Они вышли за деревню, спустились в низину и зашагали напрямик по густой траве заливного луга. Перепрыгивая с камня на камень, перебрались на противоположный, обрывистый берег реки. Раздвигая частый ольшаник, они вышли к скотному двору. Это был длинный, с темными горбатыми стенами сарай. Петр остановился и ткнул в сторону сарая пальцем.
— Новый строить надо. А где взять кирпич на столбы? Без кирпича нам нельзя, Матвей Савельич.
— Разве я против завода, — обиделся Кожин, — я говорю: не под силу нам.

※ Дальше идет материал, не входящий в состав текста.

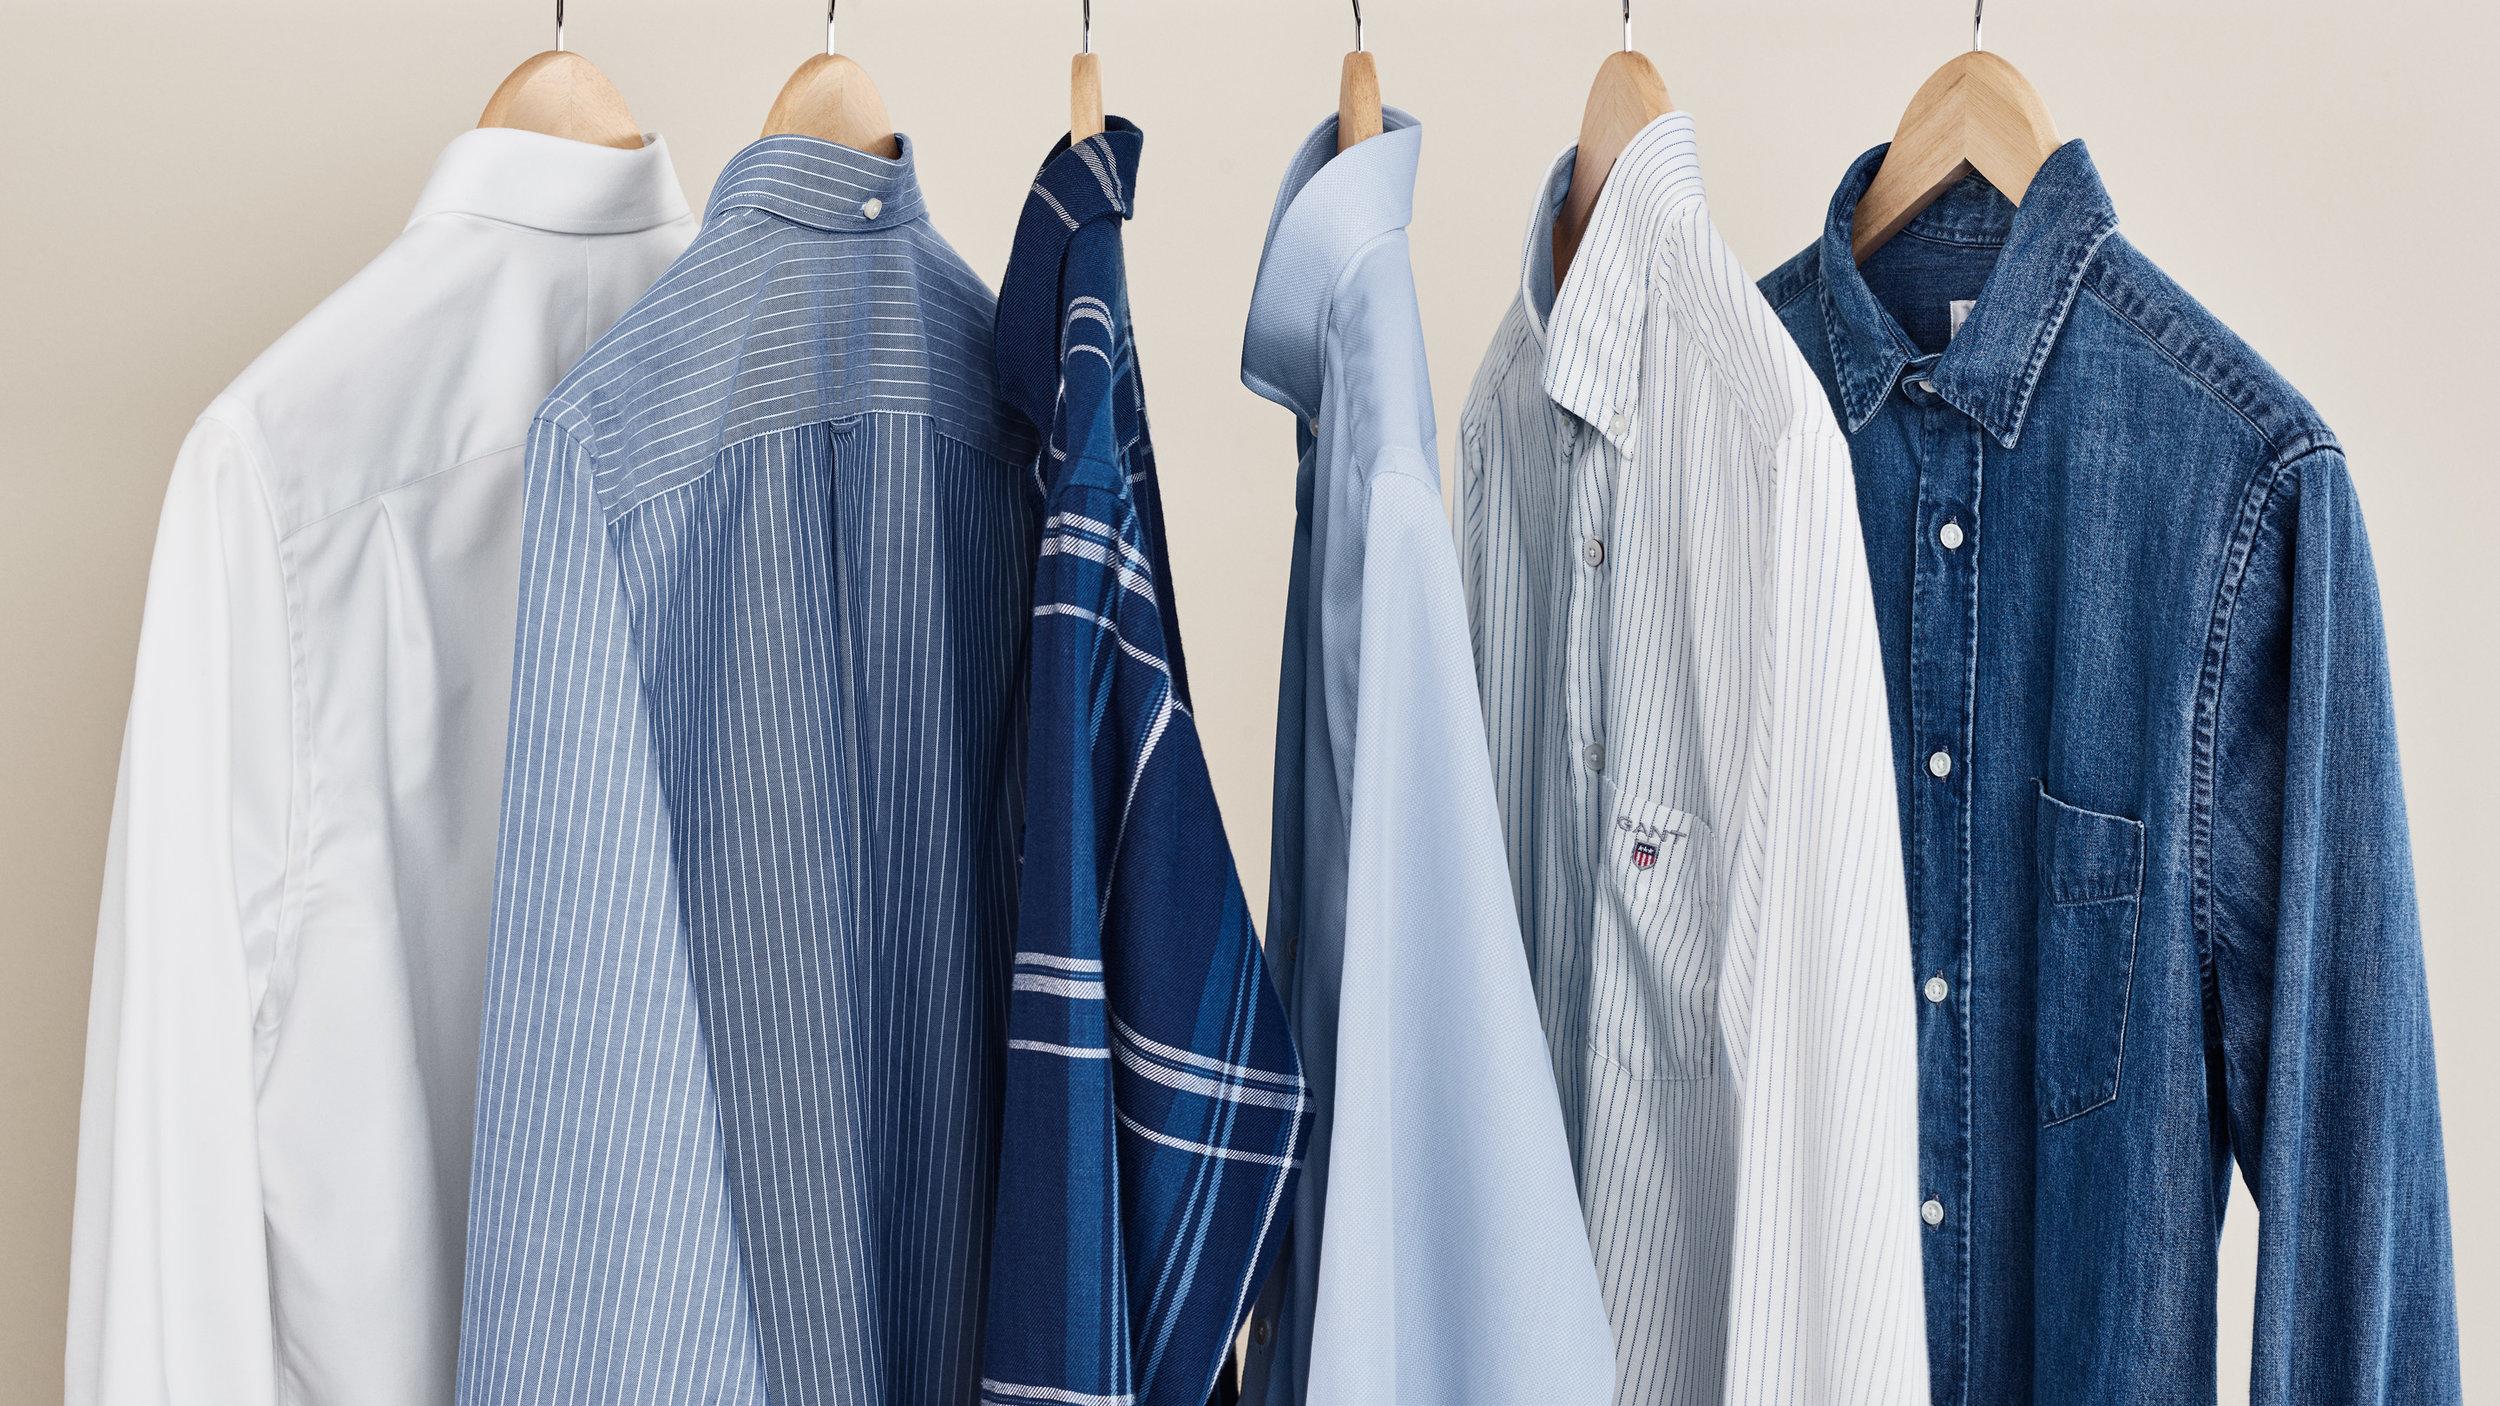 mens_shirts.jpg

— Попытка не убыток, Савельич, — поддержал председателя Сашок и, приложив к козырьку руку, проговорил: — Глянь, на водогрейке Конь сидит.
Водогрейка — бревенчатый домишко, до трубы которого можно было дотянуться рукой, — стояла, приткнувшись к березе. Поперек крыши лежал человек, держась за конек; ноги у него болтались над землей.
— Эй, чего ты там? — окликнул Сашок.
Конь оглянулся и, спрыгнув с крыши, догнал мужиков.
— Куда?
— На Лом, завод смотреть. Фаддеич хочет пустить его, — сообщил Сашок.
— Чем ты там на крыше занимался? — спросил Петр.
Конь вынул из кармана кисет и, держа в зубах клок газеты, ухмыльнулся:
— Солнце вручную подтягивал.
— Я о деле, — обрезал Петр.
— Можно и о деле, — сквозь зубы процедил Конь. — Колхозные плотники на стороне шабашат. Вот и приходится самому крышу штопать. — Конь чиркнул спичкой и, хватив зеленого самосаду, чуть не задохнулся. Откашлявшись и смахнув с глаз слезы, он уже спокойно добавил: — С заводом ты правильно, председатель, решил.
Петр покосился на Кожина.
— А Матвей Савельич не верит в мою затею.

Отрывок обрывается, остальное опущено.